Portrait de Chloé, prof de norvégien à Bø i Vesterålen

Par Thomas Bassetto
Publié le 12 avril 2025
Chloé
Chloé

Chloé, la trentaine, a débarqué en Norvège un peu par hasard, portée par les flots et les aléas de la vie. Elle a trouvé sa place dans un petit village du nord, Bø i Vesterålen, après un itinéraire semé de bénévolats, de petits boulots et d'une adaptation singulière. Aujourd'hui professeure de norvégien pour réfugiés, elle nous partage son histoire insolite.

Quand et pourquoi es-tu arrivée en Norvège ?

Je suis arrivée en octobre 2020. J'habitais en Écosse, sur une toute petite île – vraiment minuscule – mais je venais de perdre mon boulot à cause du Covid. Honnêtement, c'était un peu une période de merde... J'étais principalement pompier volontaire mais je faisais aussi du tricot. J'habitais seule, ma grand-mère venait de décéder en France sans que je puisse lui rendre visite une dernière fois… À 25 ans, je me suis retrouvée un peu paumée, sans savoir quoi faire.

Des amis, un couple de retraités, qui vivaient sur un voilier non loin de mon île avaient le projet de partir en Norvège depuis l'Écosse. N'ayant rien d'autre à faire, je leur ai demandé si je pouvais venir avec eux ! Ils ont dit oui, j'ai donc embarqué et passé quatre mois avec eux. On est arrivé à Ålesund. Honnêtement, je suis arrivée ici par dépit. Si mes amis étaient partis au Sénégal, j'habiterais au Sénégal aujourd'hui !

Qu’as-tu fais à Ålesund ?

J’ai essayé de trouver des petits boulots, je me suis acheté une machine à tricoter pour faire quelques bonnets, mais ça ne marchait pas vraiment. Il fallait que je trouve autre chose car rester plus longtemps avec un couple marié dans une coquille de noix... c'était particulier ! Du coup, j'ai trouvé un premier bénévolat via WWOOFing, du côté de Tromsø, dans un endroit appelé Balsfjord – que je recommande absolument. C'était une petite ferme équestre avec des chevaux islandais ! J'y ai passé cinq semaines. Mon « boulot » était de monter à cheval sous les aurores boréales... C'était un rêve éveillé, absolument génial. Après ça, j'ai trouvé un autre bénévolat, cette fois via Workaway, à Vesterålen.

Quel type de bénévolat ?

J'étais de nouveau sur une île minuscule, avec un phare qui faisait maison d'hôtes. J'y suis restée huit mois. Au début ça allait, mais les conditions de travail se sont dégradées de plus en plus, jusqu'à devenir insupportables. Il fallait vraiment que je parte de l'île, donc je suis allée au village le plus proche : Bø i Vesterålen.

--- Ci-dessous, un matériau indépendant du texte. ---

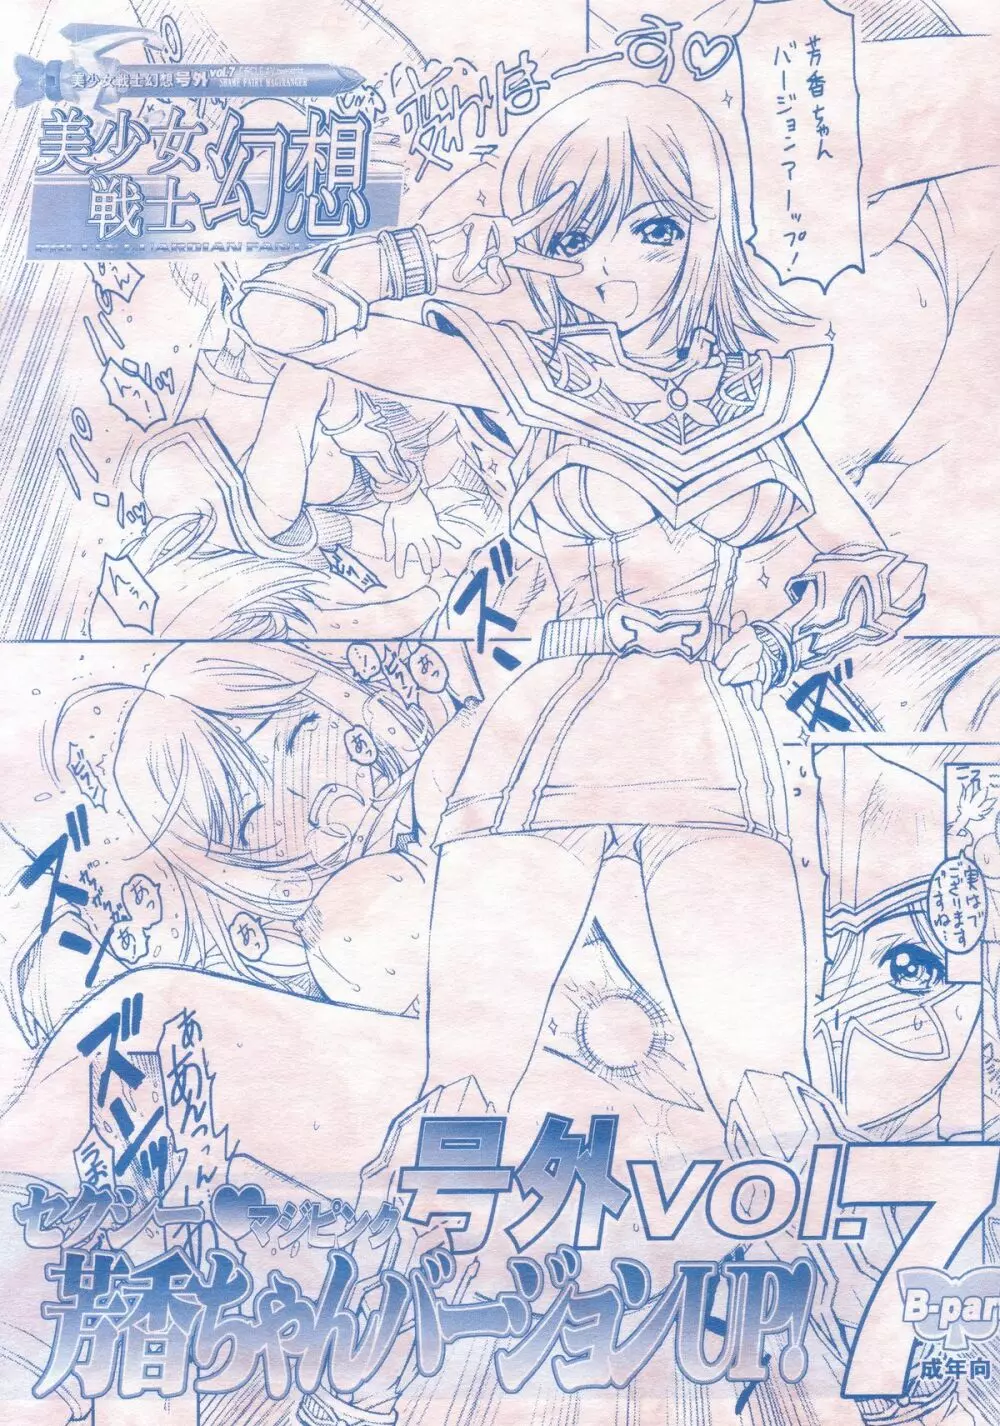 美少女戦士幻想 号外vol.7 Bパート
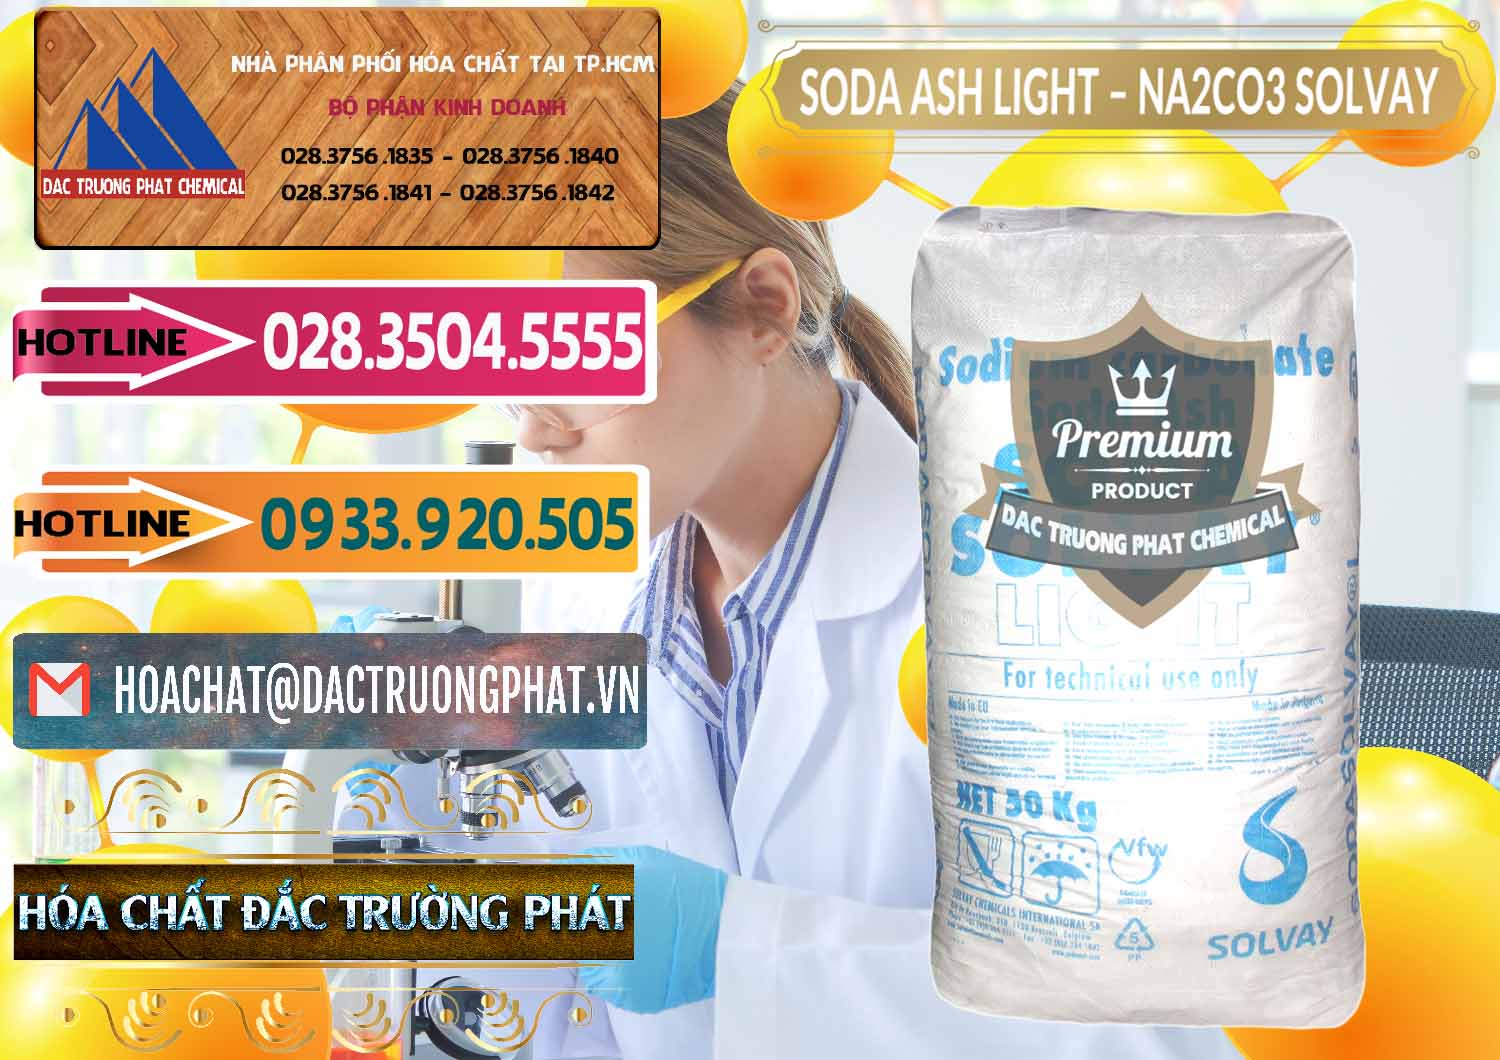 Cty phân phối ( bán ) Soda Ash Light - NA2CO3 Solvay Bulgaria - 0126 - Nơi phân phối - cung cấp hóa chất tại TP.HCM - dactruongphat.vn

Fait amusant, ce village est connu sous le nom de « Monaco de Norvège » à cause de l'impôt sur la fortune très bas. C'est toute une saga, cet endroit, un petit paradis fiscal local ! On a eu des célébrités comme Bjørn Dæhlie qui sont venues s'y installer pour ça.

Bø vue d'une colline
Bø vue d'une colline © Chloé

Tu n'as pas eu envie de partir plus loin voir de quitter la Norvège après cette mauvaise expérience ?

J'étais un peu dépitée à ce moment-là. Ça faisait tout juste un an que j'avais quitté l'Écosse, donc je n'avais pas trop la foi ni l'envie de tout recommencer ailleurs. Et puis, malgré tout, j'aimais bien l'endroit. Vesterålen, c'est magnifique ! Du coup, j'ai trouvé un autre bénévolat un peu informel chez quelqu'un que j'avais rencontré pendant mes huit mois au phare. Je savais qu'elle avait besoin d'aide pour la saison d'hiver dans sa maison d’hôte. J'ai donc passé deux ou trois mois chez cette dame.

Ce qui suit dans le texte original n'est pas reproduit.